■ THE DATA:
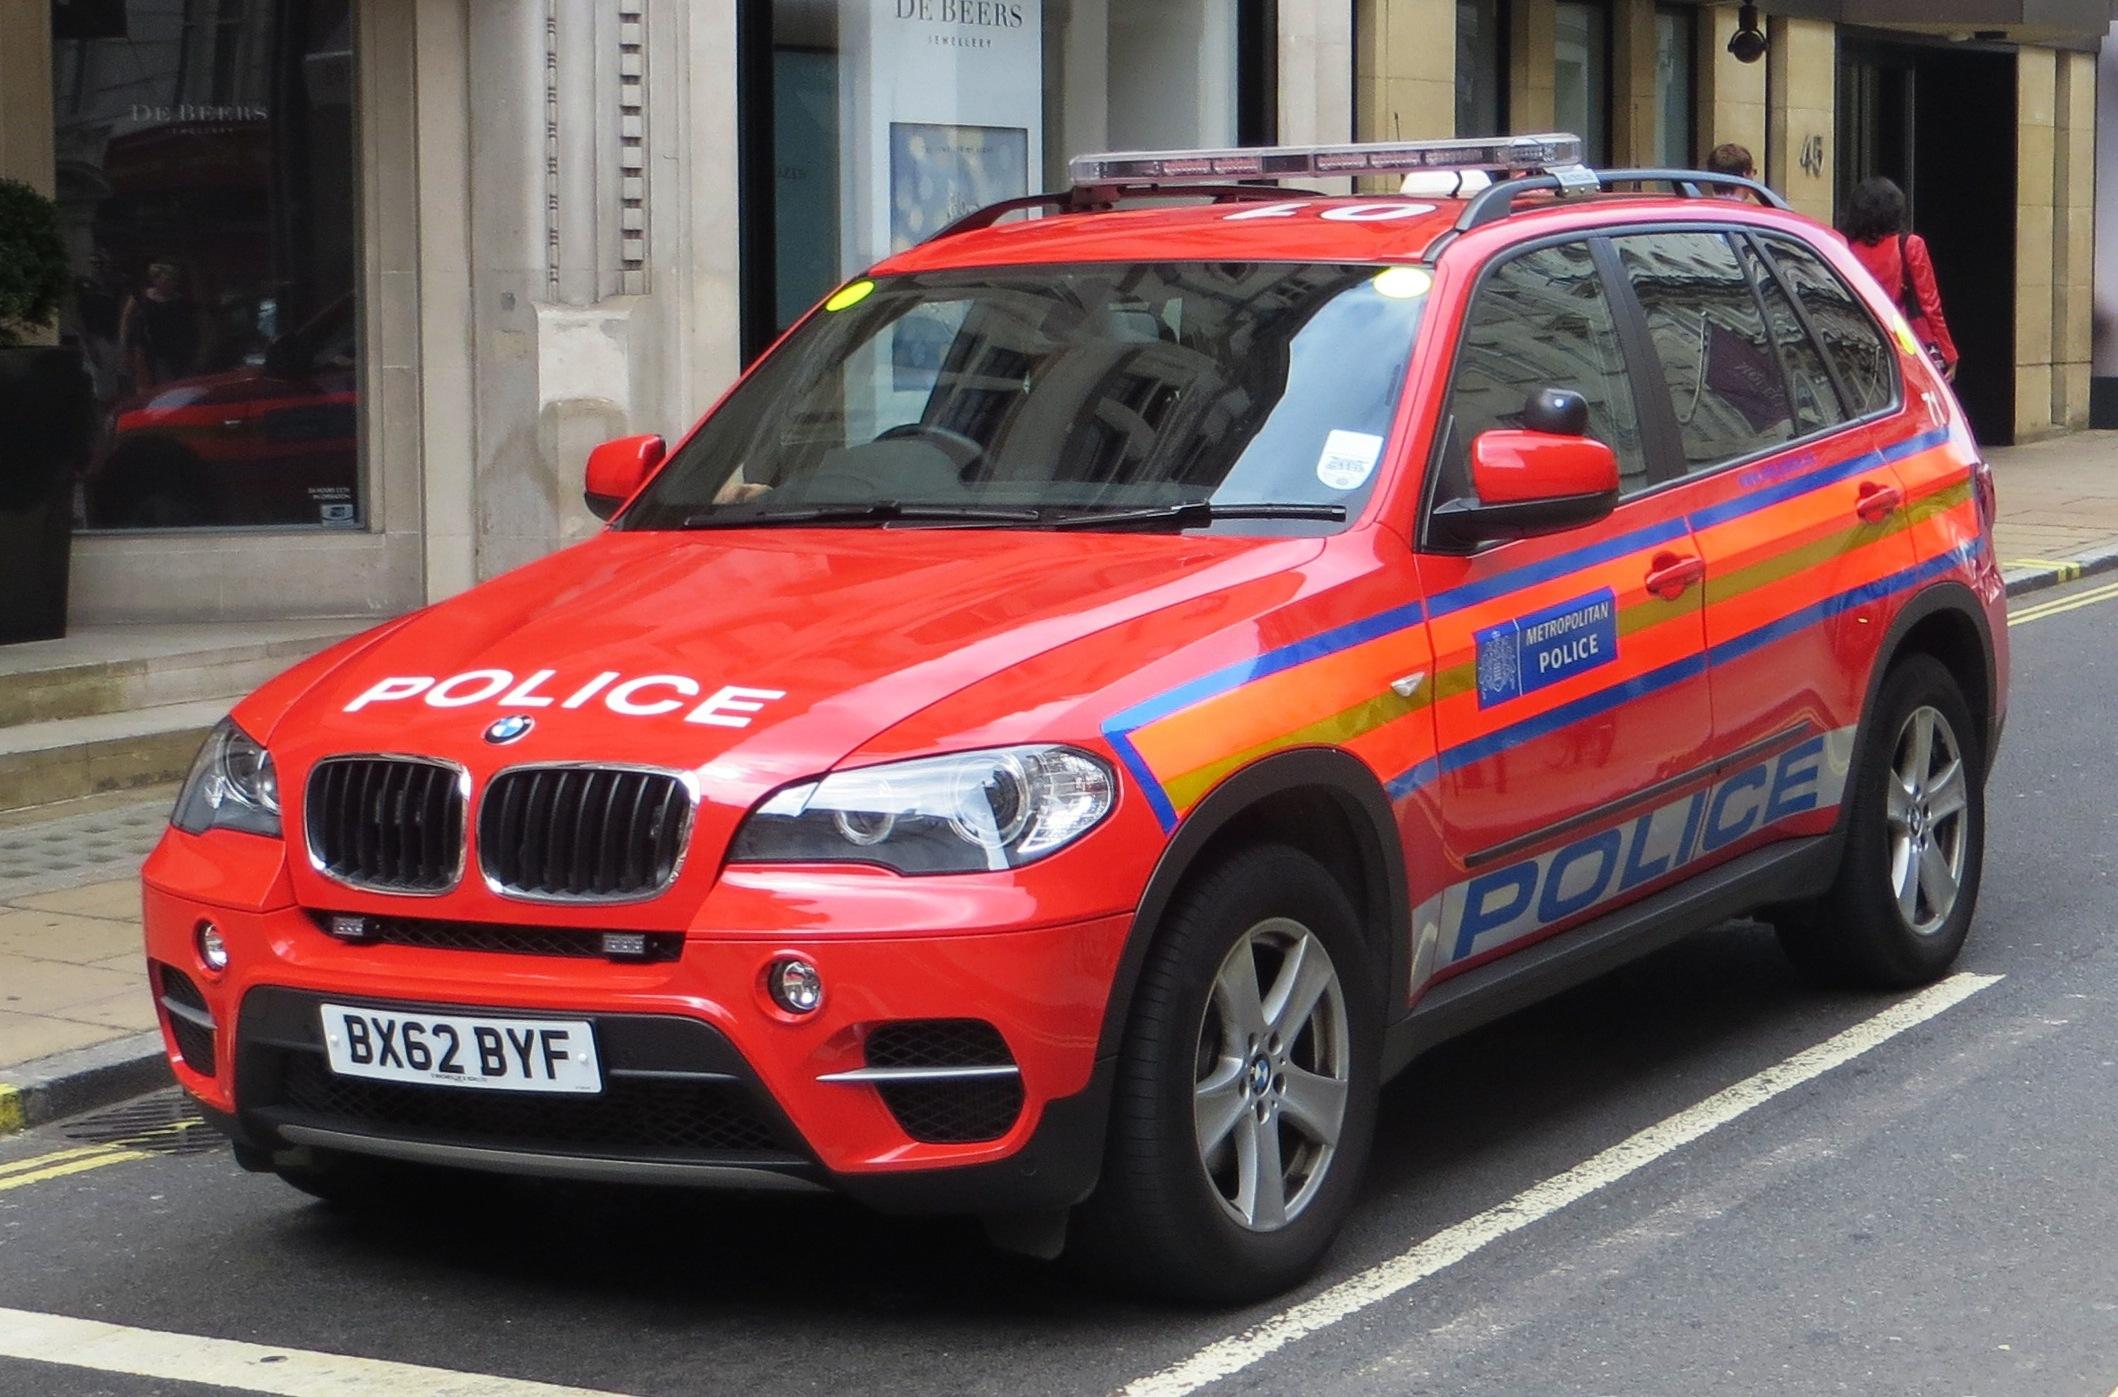 Police Cars For Sale Birmingham
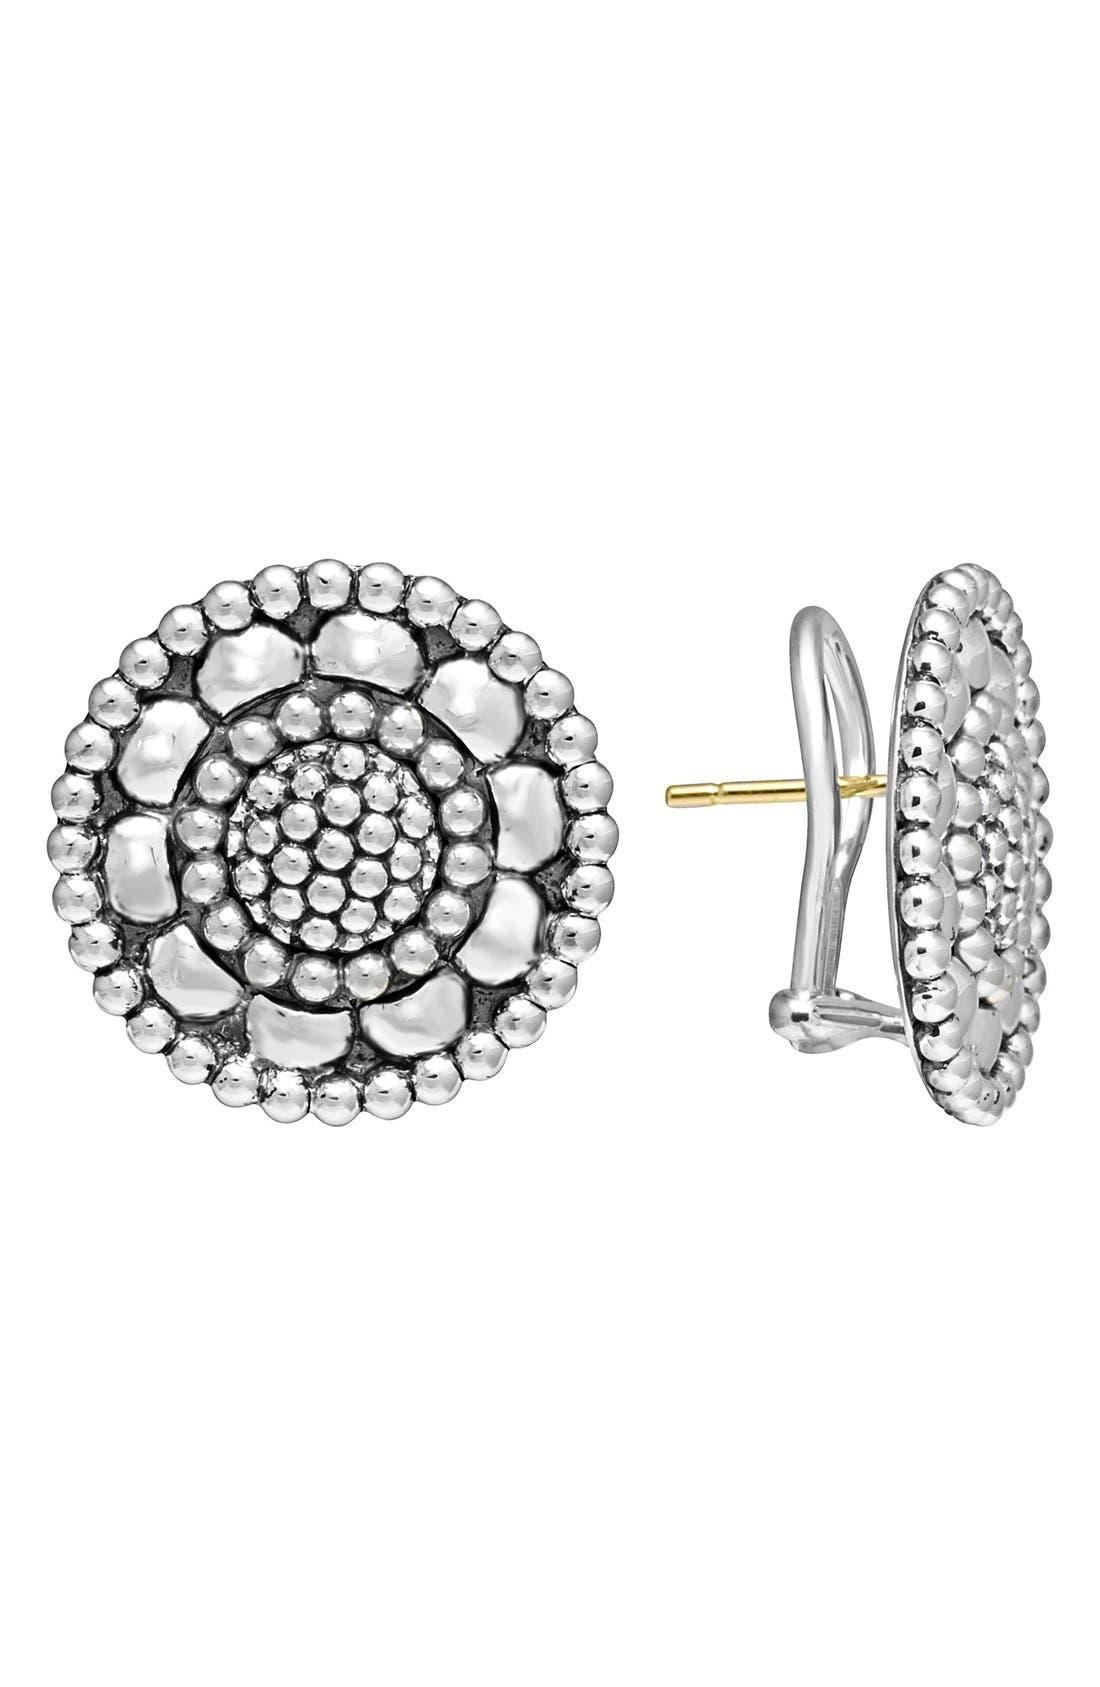 Main Image - LAGOS 'Voyage' Caviar Stud Earrings
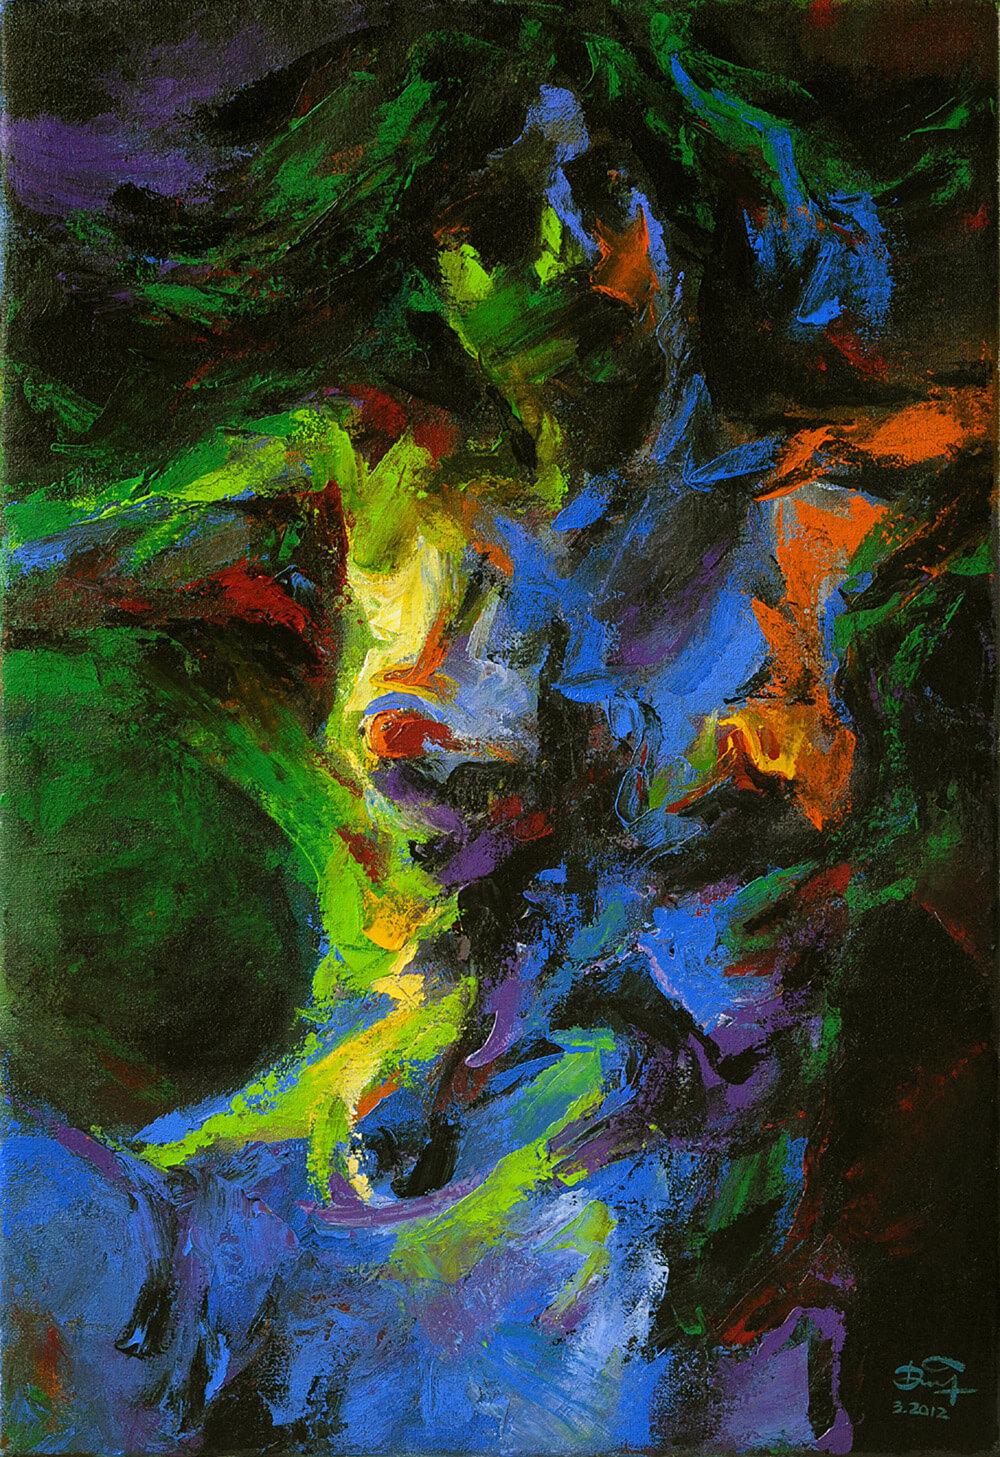 Nude-1, Vietnam Artworks

■ YOUR GOAL: Everything in the material above must be repeated exactly, apart from its pictures.

■ YOUR SOLUTION:
 Police Cars For Sale Birmingham
 Main Image - LAGOS 'Voyage' Caviar Stud Earrings
 Nude-1, Vietnam Artworks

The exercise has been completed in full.